Sikander realized that while he’d been absorbed in the task of trying to hit Streitaxt, Larkin had stayed focused on her job. The older torpedoes faulted out in the standard attack program, so she’d punched in custom settings for the weapons that were in functional tubes rather than wait for power to be restored to the off-line weapons—and she’d managed it in ten minutes. A month ago I asked her what would happen if we had to fire torpedoes in anger, he remembered. Now we find out.
“Tactical, the torps are good. We can take the shot,” he told Randall. Maybe the effort to isolate the torpedo failure hadn’t been wasted, after all. Trusting Larkin to execute the attack, he focused on Streitaxt again and resumed fire.
“Helm, torpedo attack,” Hiram Randall ordered. “Target Alpha, two torps! As weapons bear … fire!”
“Firing!” Larkin’s console briefly assumed control of Hector’s maneuvers. Expertly she spun the ship on its vertical axis, bringing Hector’s bow-mounted torpedo tubes to face Panther, and punched the keys to fire two Phantoms. These were not practice torpedoes—these were war shots, fitted with deadly fusion warheads. The ship shuddered as the tubes ejected the heavy missiles; they streaked away from their launch tubes, and vanished into warp bubbles.
“Streitaxt firing torpedoes!” Sublieutenant Keane shouted from the sensor station. On Sikander’s display, the Dremish destroyer suddenly wheeled to point her bow at Hector and release her own spread. For an instant, she couldn’t dodge—and his K-cannons were ready.

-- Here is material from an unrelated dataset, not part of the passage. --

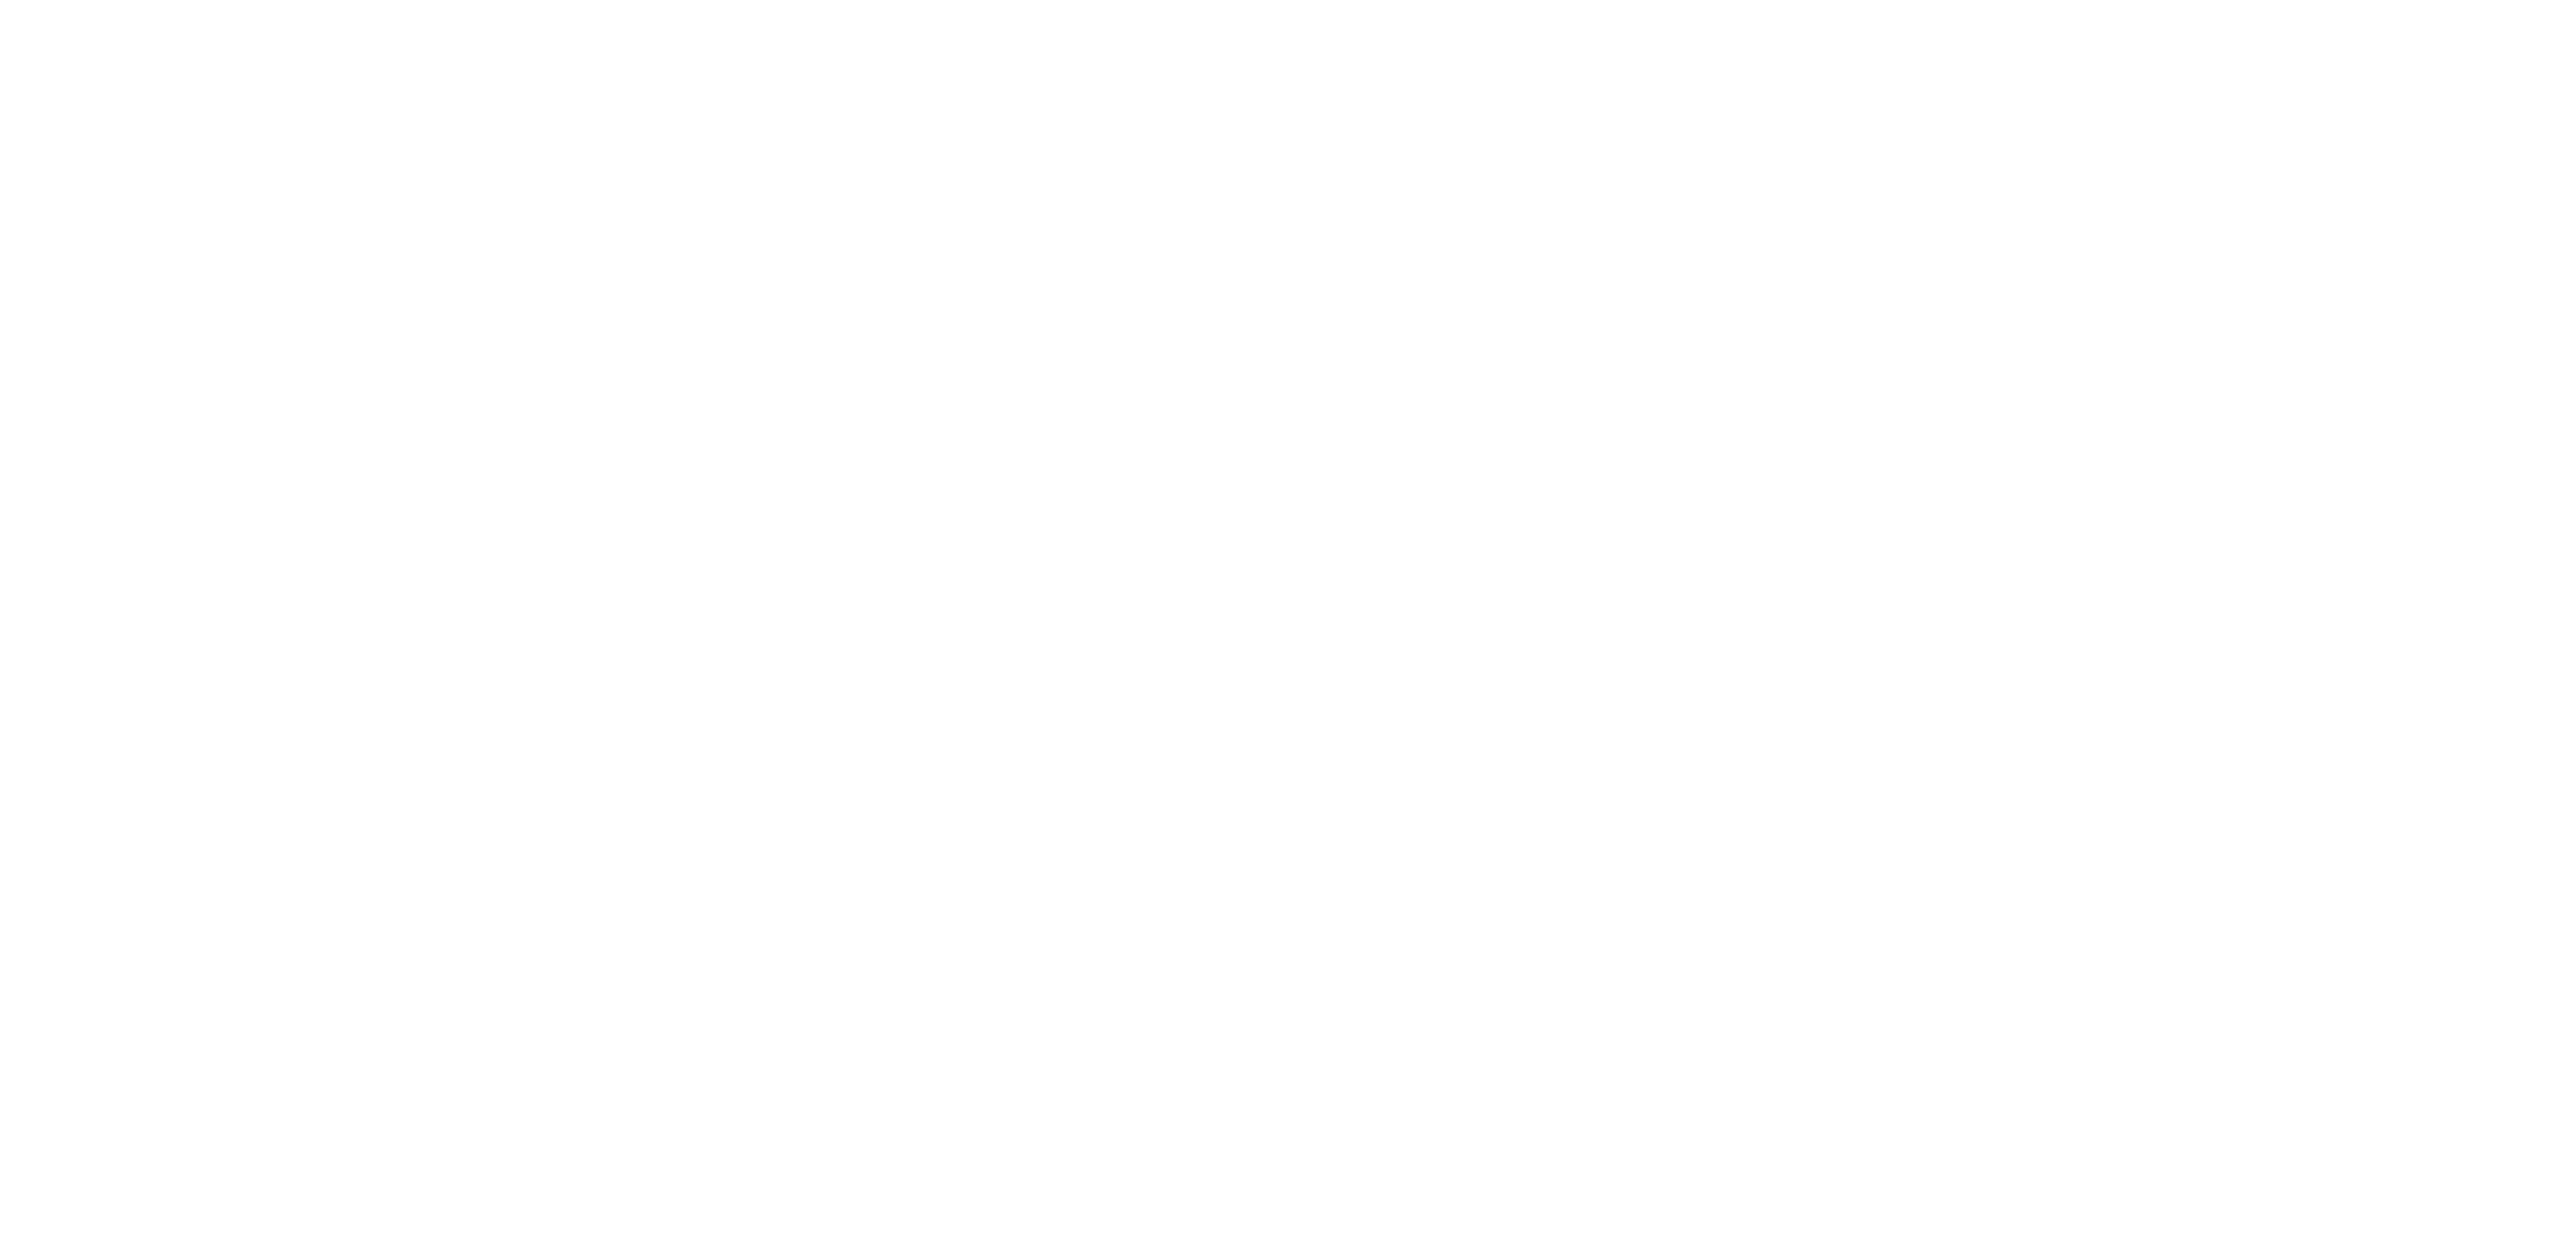 Homecoming 2021 logo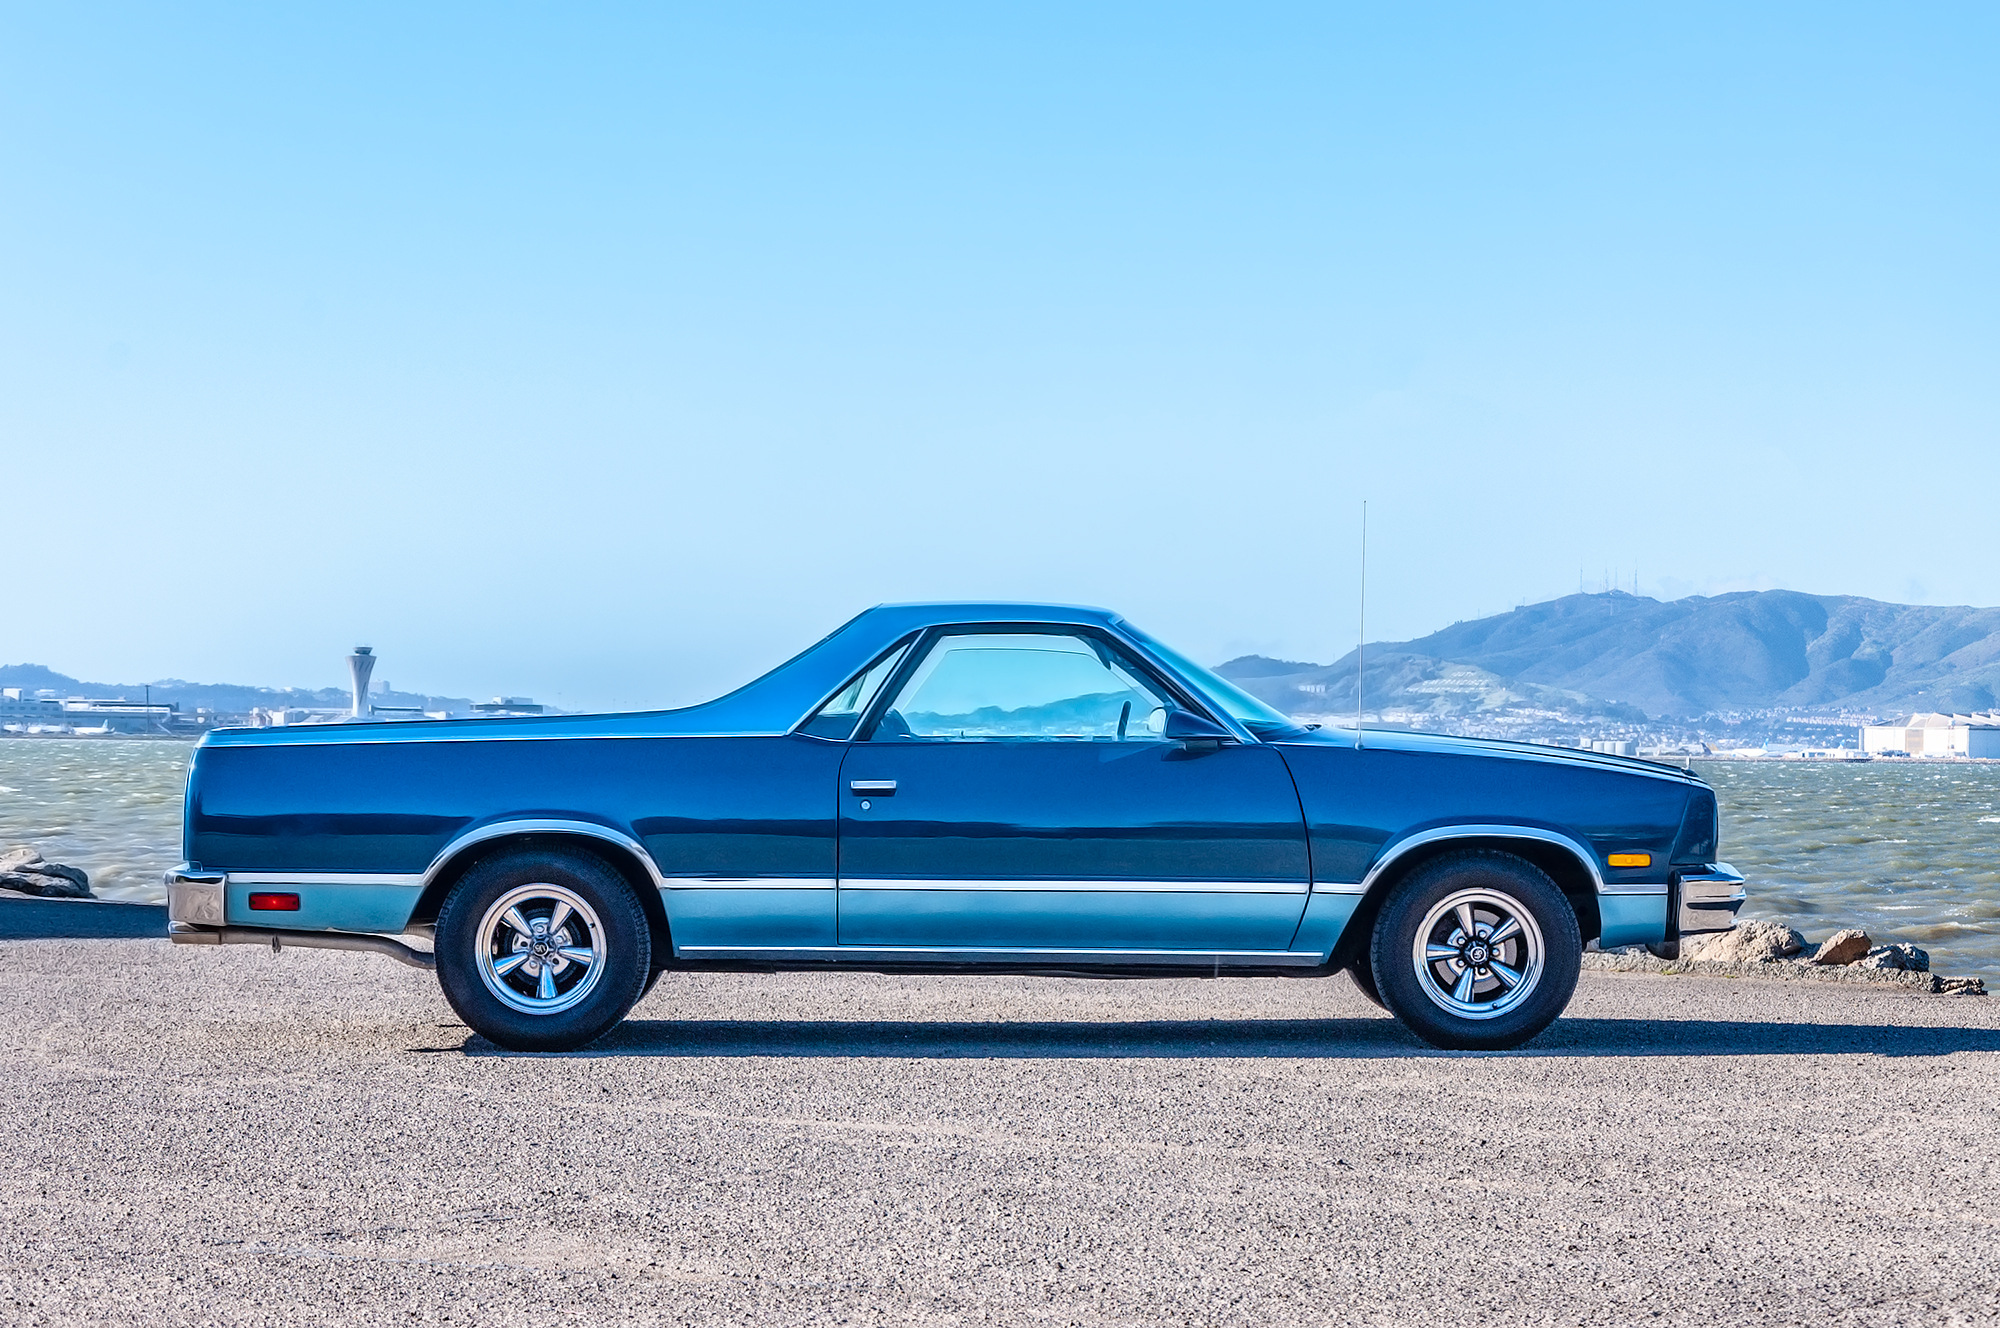 Side profile view 1986 Chevrolet El Camino Conquista in custom two tone blue color scheme

“Evade torpedoes!” Randall shouted.
Sikander hit his firing keys just before Chief Holtz at the helm wrenched Hector into an emergency torpedo-evasion maneuver. “Salvo starboard!” Sikander called out. Hector rocked and hummed with the magnetic recoil of the big Mark V K-cannons hurling their lethal shot at the oncoming Dremish destroyer. And then several things happened almost at once.
Hector’s torpedo spread arrived at Panther, the weapons dropping their warp bubbles and twisting through terminal maneuvers in the fraction of a second between returning to normal space and detonation. Each Phantom carried a rugged fusion bomb of almost half a megaton. In direct contact they would vaporize a battleship, but warp torpedoes weren’t fused for impact—they were proximity weapons, designed to detonate as soon as they were sufficiently close to the target to cause crippling damage. Larkin set up her attack as a one-two punch; the first Phantom dove in and burst a few hundred meters from Panther’s waist, boiling off the outer skin with the fusion blast just before the second torpedo appeared out of nowhere and detonated even closer, wrecking the cruiser’s main power rooms and sending a wave of impulsive shock racing through her structure. Panther’s armored hull protected the crew from lethal radiation, but shock and spalling fragments wrecked vulnerable control stations and vital systems throughout the Dremish ship.